If AVA is an array of more than two strings (the reference in RDN can be replaced by the user), and the string with index 2 is not null, it will be placed as the attribute value as is, instead of escaped string with index 1. This allows the user to provide the values of attributes that should be compared as binary (for example, "#" would match only this string of hexadecimal values).

String [][][] dn = distinguishedName("uid=aBc , c=gb");
String [][] uid_rdn = dn[0];
String [] uid_ava = uid_rdn[0];

uid_rdn[0] = new String[]{ uid_ava[0], uid_ava[1], toHexString(uid_ava[1].getBytes()) };

String canonicalDN = toCanonicalDN(dn);

In the example above the distinguished name will be parsed as an array of two RDNs, each of them having only one AVA. We are accessing the leftmost RDN. We are interested in replacing the AVA in it that corresponds to the "uid" attribute type, so the uid will be case sensitive ("aBc" is not the same as "ABC").
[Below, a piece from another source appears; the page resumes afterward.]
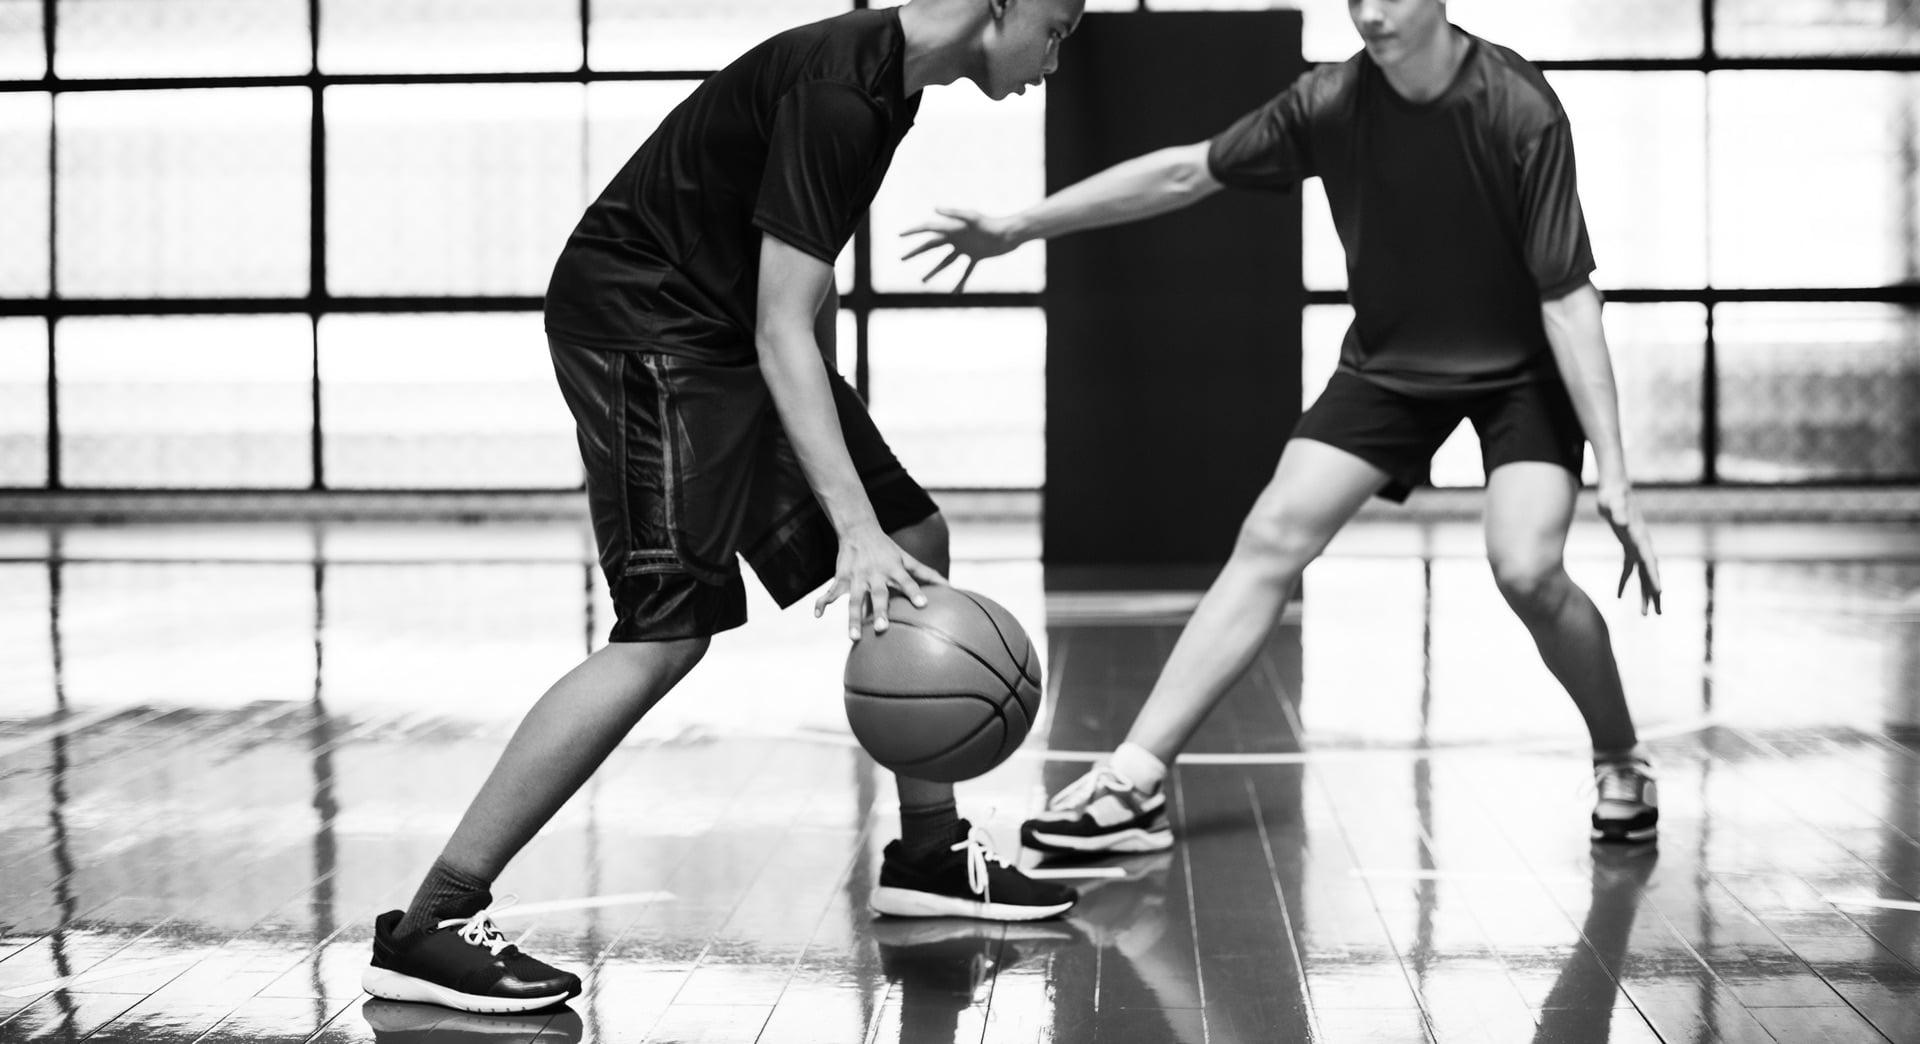 The London Basketball Association

So we replace the corresponding AVA in the RDN with the new value - an array containing the user-defined string to be put in the RDN.
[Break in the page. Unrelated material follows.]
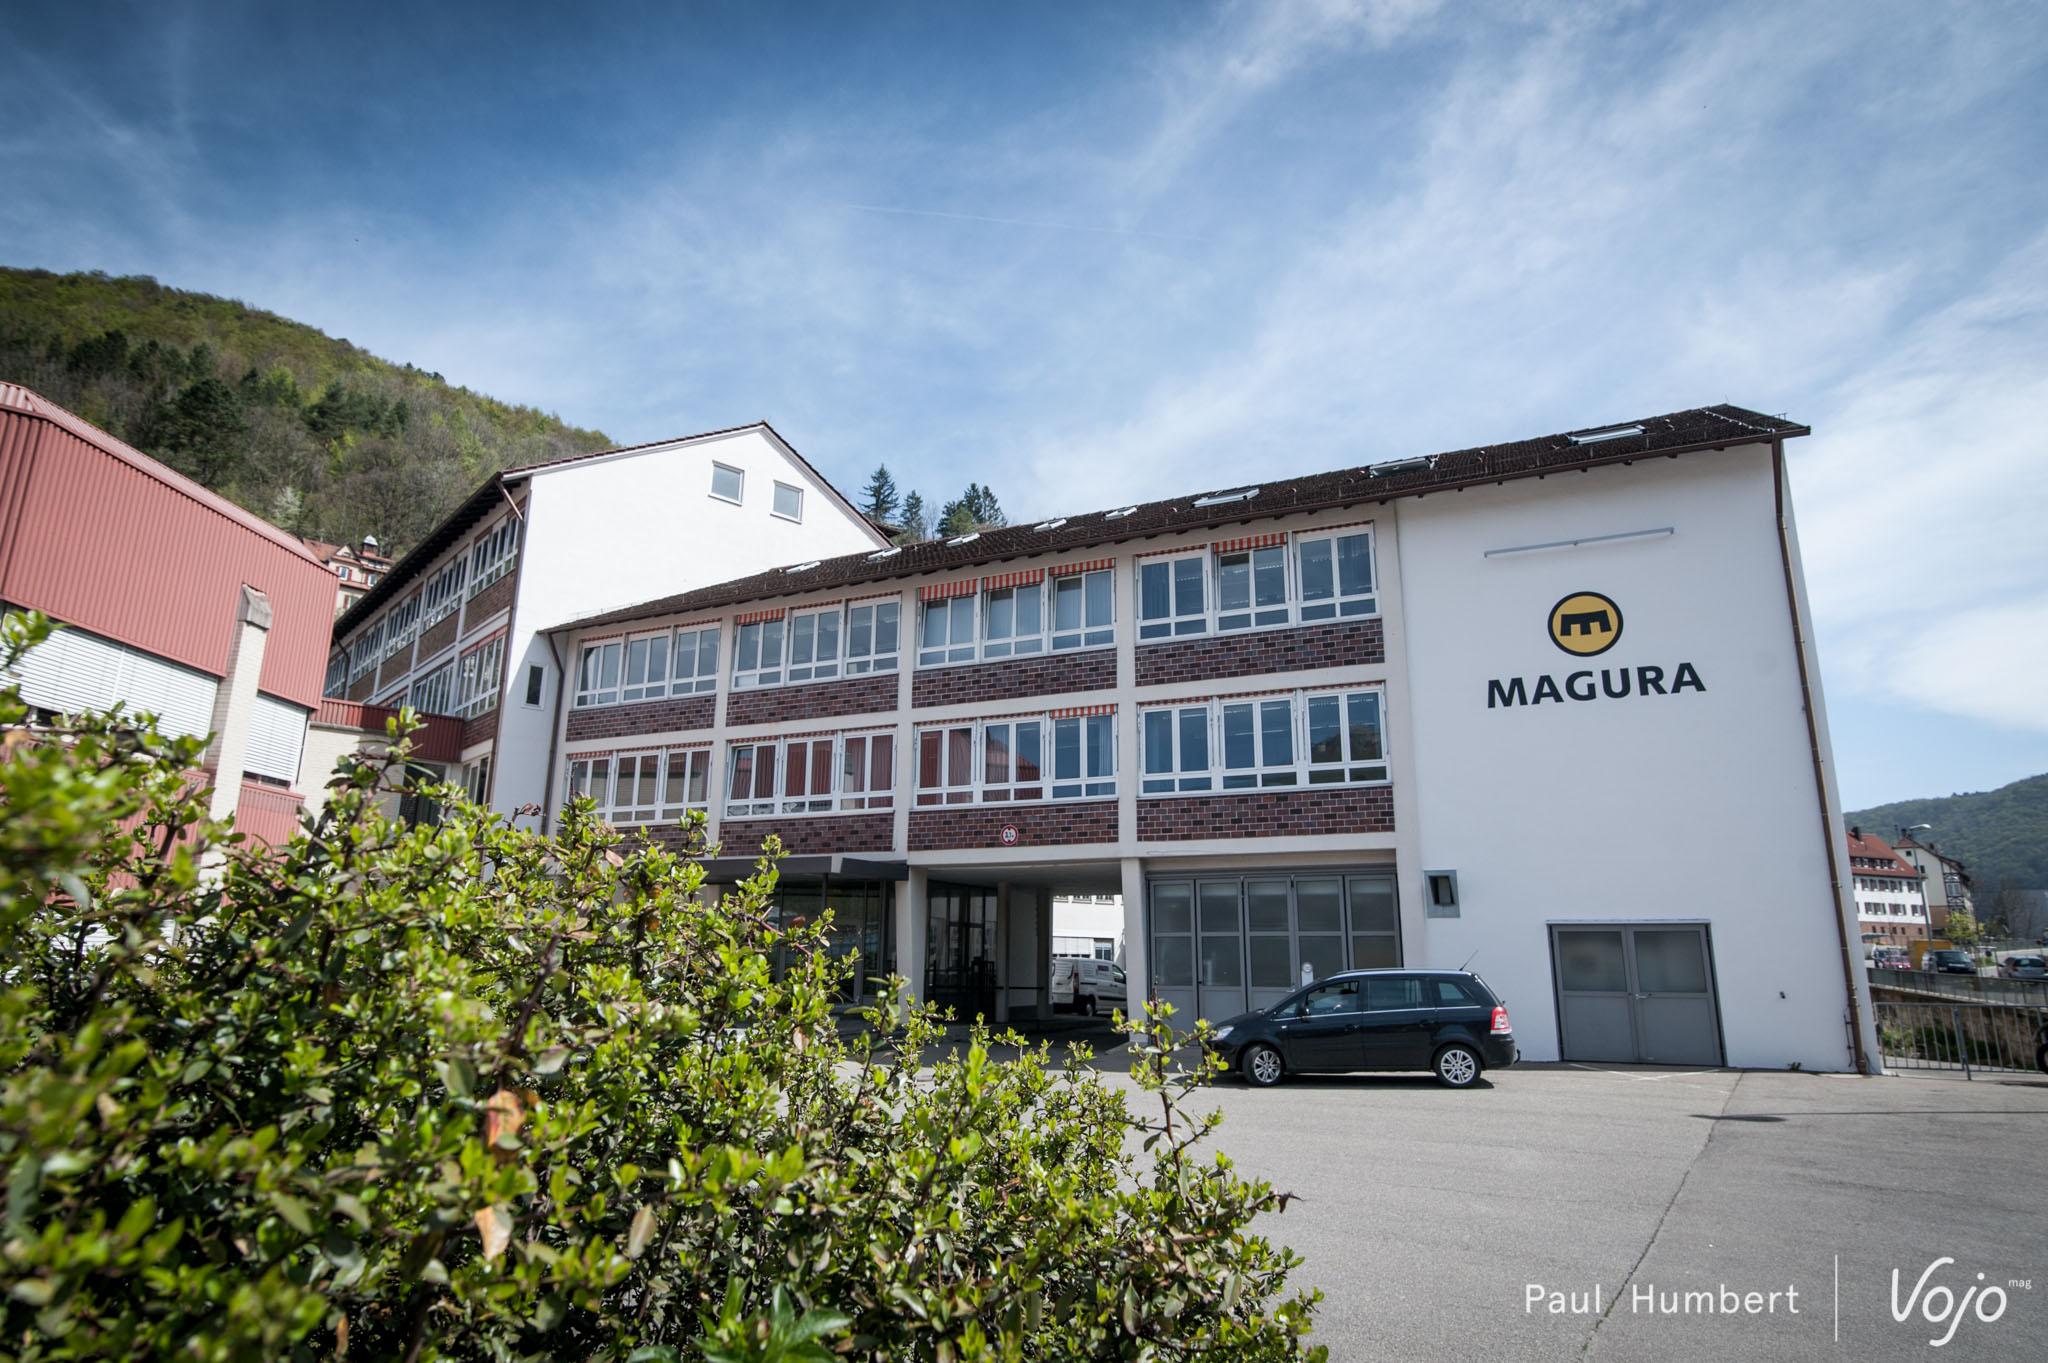 visite-magura-2016-vojo-paul-humbert-112

Note that in most cases conversion to the canonic DN will look like this:

String canonicalDN = toCanonicalDN(distinguishedName( nonCanonical ));

Parameters:
dn - is the parsed DN with the array format as described above
escape - if true, non-ASCII characters will be escaped as a hex pair; if false, the Unicode values will be returned as is
Returns:
String value containing the canonical RFC2253 DN
Throws:
java.lang.NullPointerException - and IndexOutOfRange in case the dn is a malformed input (AVA is less than 2 elements, or null pointer encountered)

toCanonicalDN

public static java.lang.String toCanonicalDN(java.lang.String[][][] dn)
Same as toCanonicalDN( dn, true );


toCanonicalDN

public static java.lang.String toCanonicalDN(java.lang.String dn)
This method will attempt to convert a given DN to canonical DN. If it is not a DN, it will return null.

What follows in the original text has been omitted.